Wakil Ketua Pimpinan Wilayah Muhammadiyah Sulsel, Dr Dahlan Lama Bawa, S.Ag, M.Ag, saat jadi Khatib Idul Fitri 1446 H, Senin 31 Maret 2025 di Lapangan Kebun Raya Waiwerang Adonara, Nusa Tenggara Timur (NTT).

LITERASI-ONLINE.COM, ADONARA - Ramadhan hadir sebagai miniatur dan momentum membetuk peradaban utama, tidak terkecuali masyarakat Adonara NTT dengan pusat peradaban di Waiwerang Kota. 

Ramadhan mengajarkan banyak pelajaran, lewat ceramah agama/tadzkirah oleh ustadz dan ustadzah.

Peradaban adalah suatu tahap perkembangan masyarakat yang telah mencapai tingkat kemajuan yang tinggi dari berbagai bidang kehidupan, seperti bidang pendidikan/ilmu pengetahuan, bidang ekonomi, politik, sosial dan budaya.

Demikian isi khutbah Wakil Ketua Pimpinan Wilayah Muhammadiyah Sulsel, Dr Dahlan Lama Bawa, S.Ag, M.Ag, saat jadi Khatib Idul Fitri 1446 H, Senin 31 Maret 2025 di Lapangan Kebun Raya Waiwerang Adonara, Nusa Tenggara Timur (NTT).

"Judul khutbah Idul Fitri yang dibawakan adalah Ramadhan Momentum Membentuk Peradaban Utama, (Waiwerang Miniatur Peradaban dan Kerukunan Umat)," ungkap Alumni MAS DDI Waiwerang 1989-1992 ini.
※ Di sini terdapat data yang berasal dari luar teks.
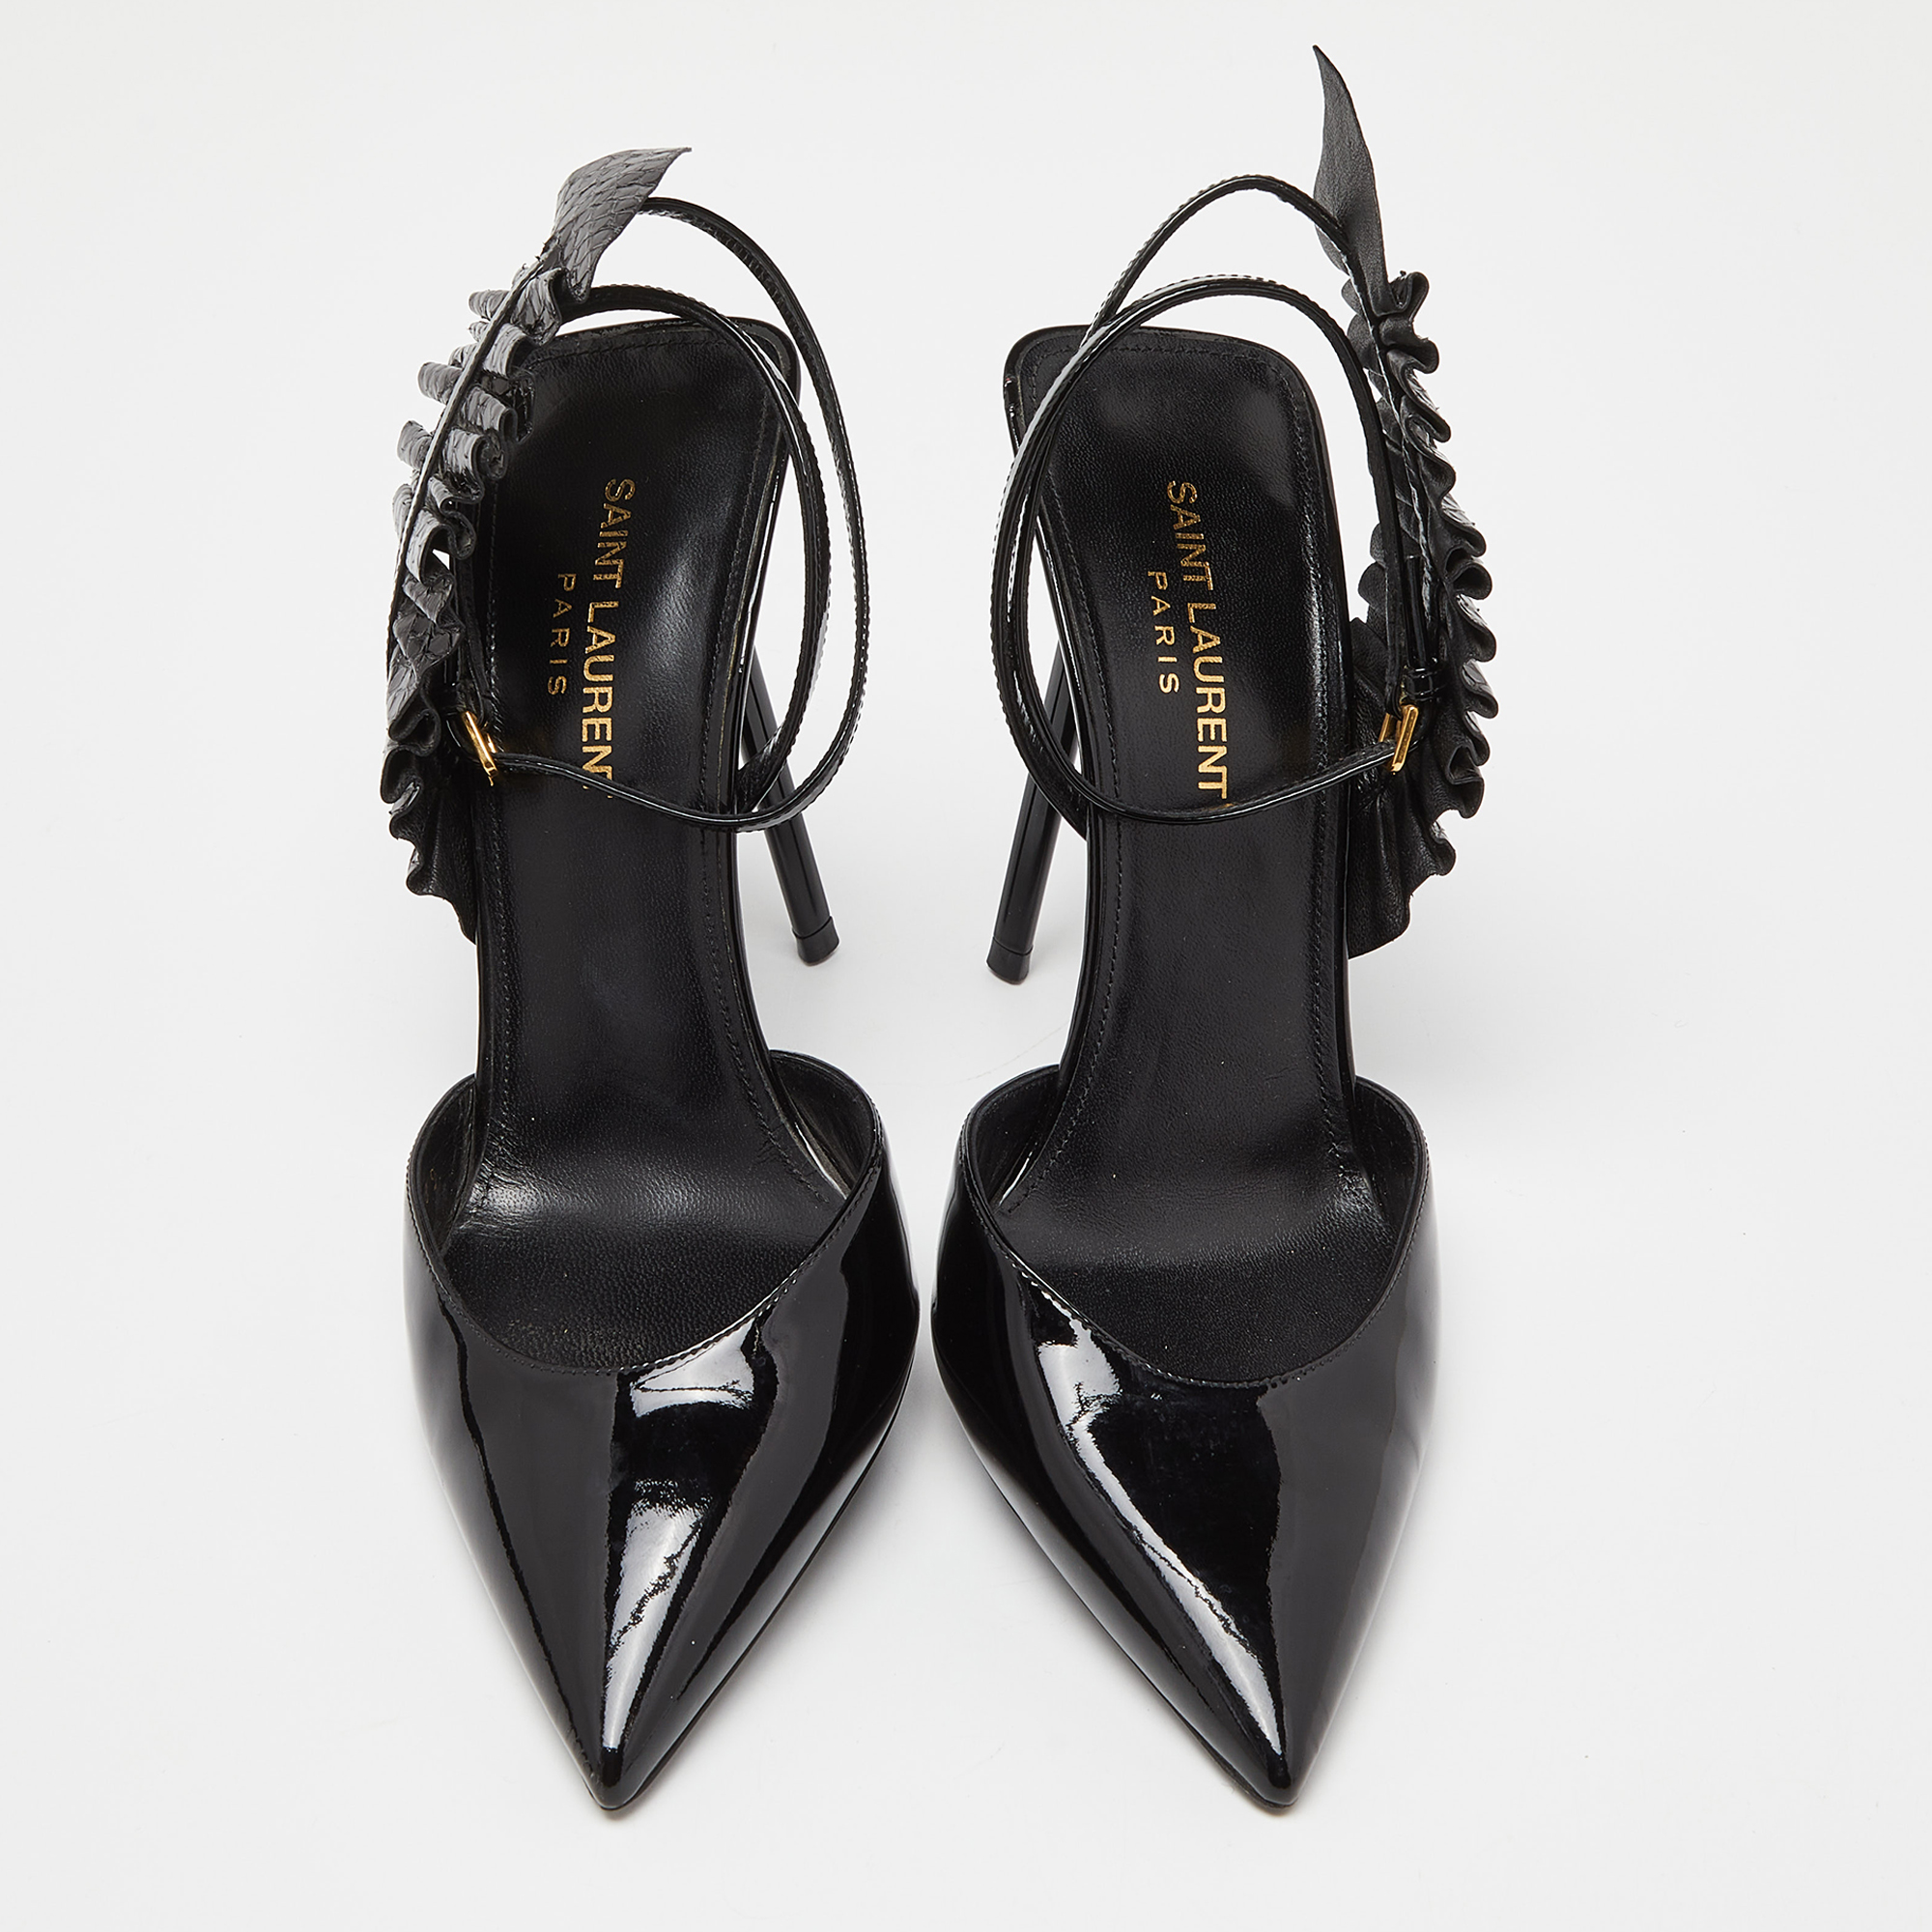 Saint Laurent Black Patent Leather And Watersnake Leather Pointed Toe Slingback Sandals Size 39

"Kelurahan Waiwerang Kota disebut sebagai miniatur peradaban, karena telah memiliki kemajuan yang tinggi pada bidang pendidikan, ekonomi, politik dan sosial budaya," tambah pria kelahiran Leubatang, 12 Agustus 1974 ini.

Disebut miniatur kerukunan umat beragama, karena di Waiwerang tidak pernah terjadi konflik atas nama agama, suku atau golongan. 

"Tapi yang terwujud di Waiwerang adalah toleransi otentik, yaitu sepenuhnya sesama anak bangsa hidup dalam damai, rukun, toleran, moderat, saling mengenal, saling memahami, saling menolong dan saling menjamin," ungkap Direktur Ponpes Darul Fallaah Unismuh Makassar di Bissoloro.

Salah satu unsur penting dalam peradaban adalah identitas sosial budaya masyarakatnya. 

Di Keluarahan Waiwerang Kota dan sekitarnya, hidup dengan rukun para pendatang dari berbagai suku di Indonesia, tegas Penasehat Kerukunan Keluarga Nusa Tenggara Timur (KK NTT) Makassar ini.

Dosen FAI Unismuh Makassar ini menyebut banyak suku di Keluarahan Waiwerang Kota yang tentunya memiliki sosial budaya yang cenderung berbeda-beda.